See the picture. I'm trying to process this map drawing to be in a workable state where the drawing is black and everything else is white for further processing, but I drew the map on grid paper before deciding to do all that.
The lines are lightly blue, so I expected I could exploit that to remove it. So far I tried the following:
- Picking a blue pixel belonging to the grid and remove (turn white) all pixels whose color is within some distance (euclidean, from LAB color space) of that pixel. -> This doesn't work because the colors on the grid change too much throughout the drawing: depending on which grid pixel I pick and the tolerance I use, some of the drawing gets picked up, or part of the grid remains.
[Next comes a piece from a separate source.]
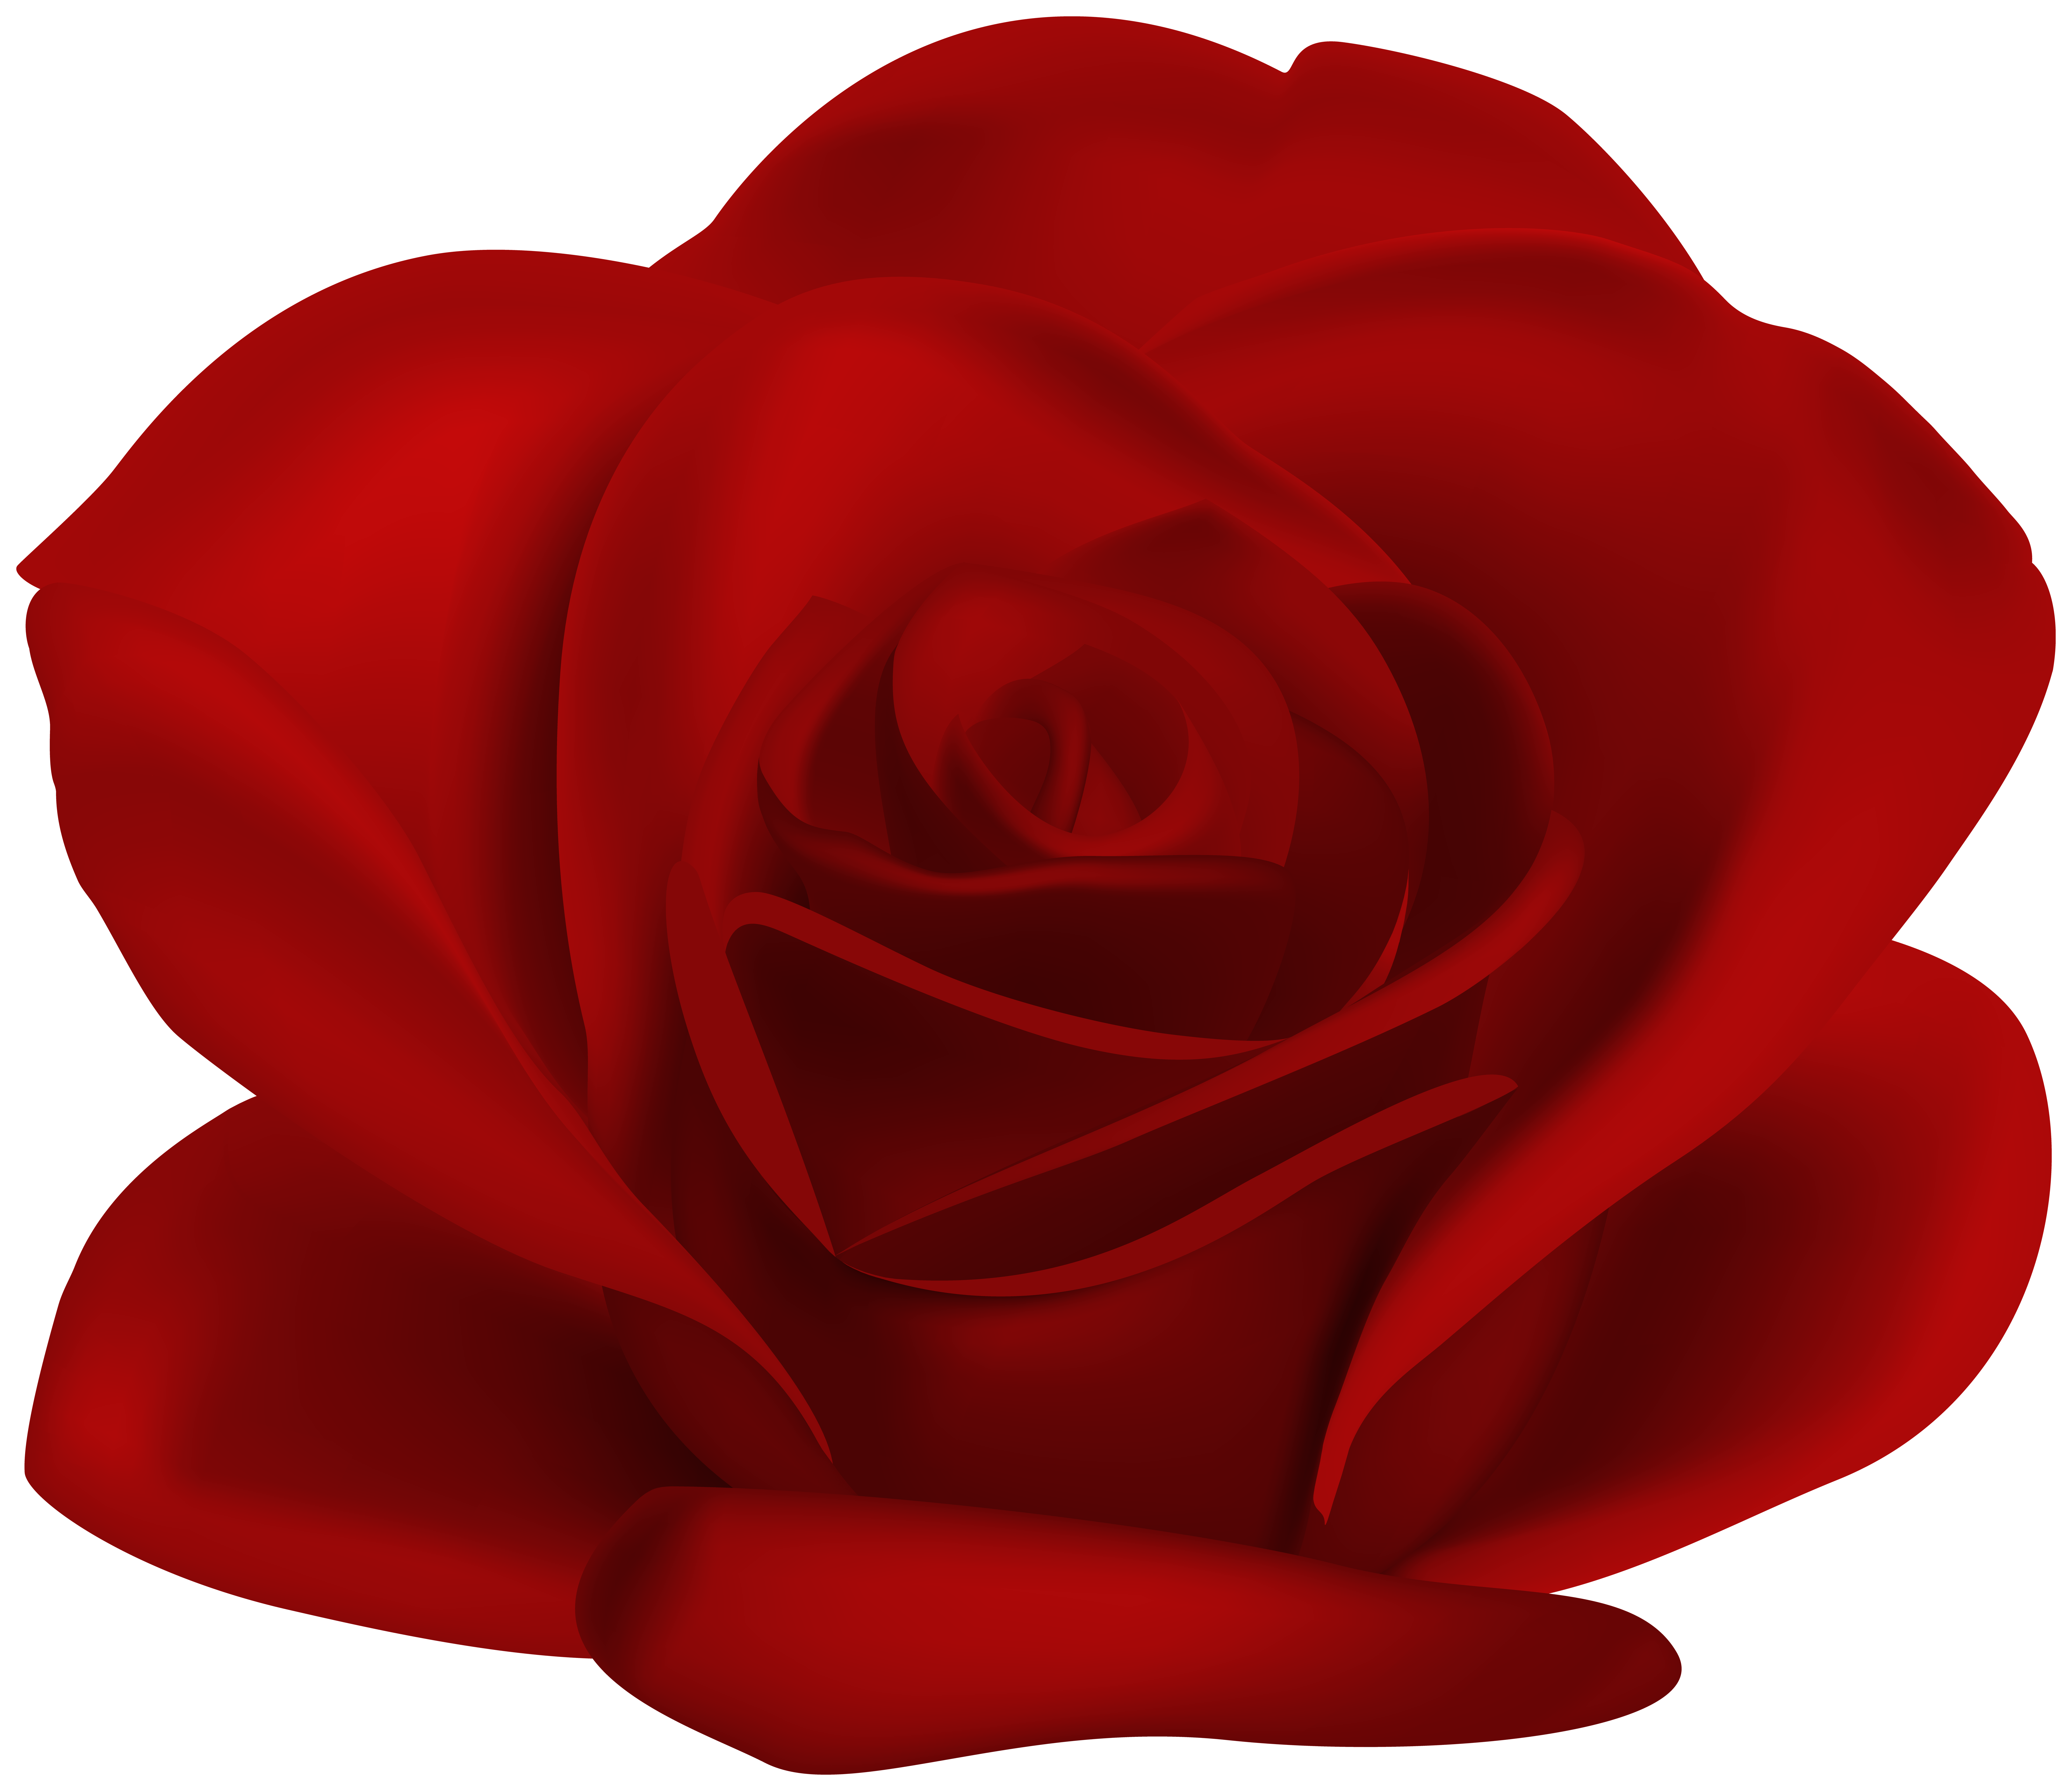 Red Flower Rose Transparent Image.

- Doing the same thing, but making it dynamic and making comparisons based on neighbouring pixels that have been "recognized" as part of the grid. This was attempting to counter subtle gradual changes in lighting. This doesn't work either, and somehow it ends up picking the entire white part of the drawing (not an issue because that should also go white, but still evidence that the idea as I implemented it doesn't follow my intuition). Depending on tolerance, here again some grid remain or part of the drawing goes away. It also fails to capture parts of the grid that are disconnected from the rest by the pencil drawing forming closed loops that don't get pierced through.
- A few other unsuccessful variations like instead of picking a single "initial" pixel, picking all pixels within some delta of that one pixel and then using them as starting points for doing the dynamic approach.
I can keep throwing random ideas at the wall but I'm kinda stumped and every attempt now somehow seems to get me further away. I'm interested in managing to do it algorithmically such that I could easily apply the same algorithms to process another drawing the same way. Otherwise I could just take the loss and manually process it and remove the grid from a black and white mask after some thresholding.
Note that I'm an outsider to this, so I'm not familiar with advanced techniques; if you suggest something, I'll look it up to the best of my abilities, but I might be stumbling around a bit. I'm working on Python so far, with OpenCV.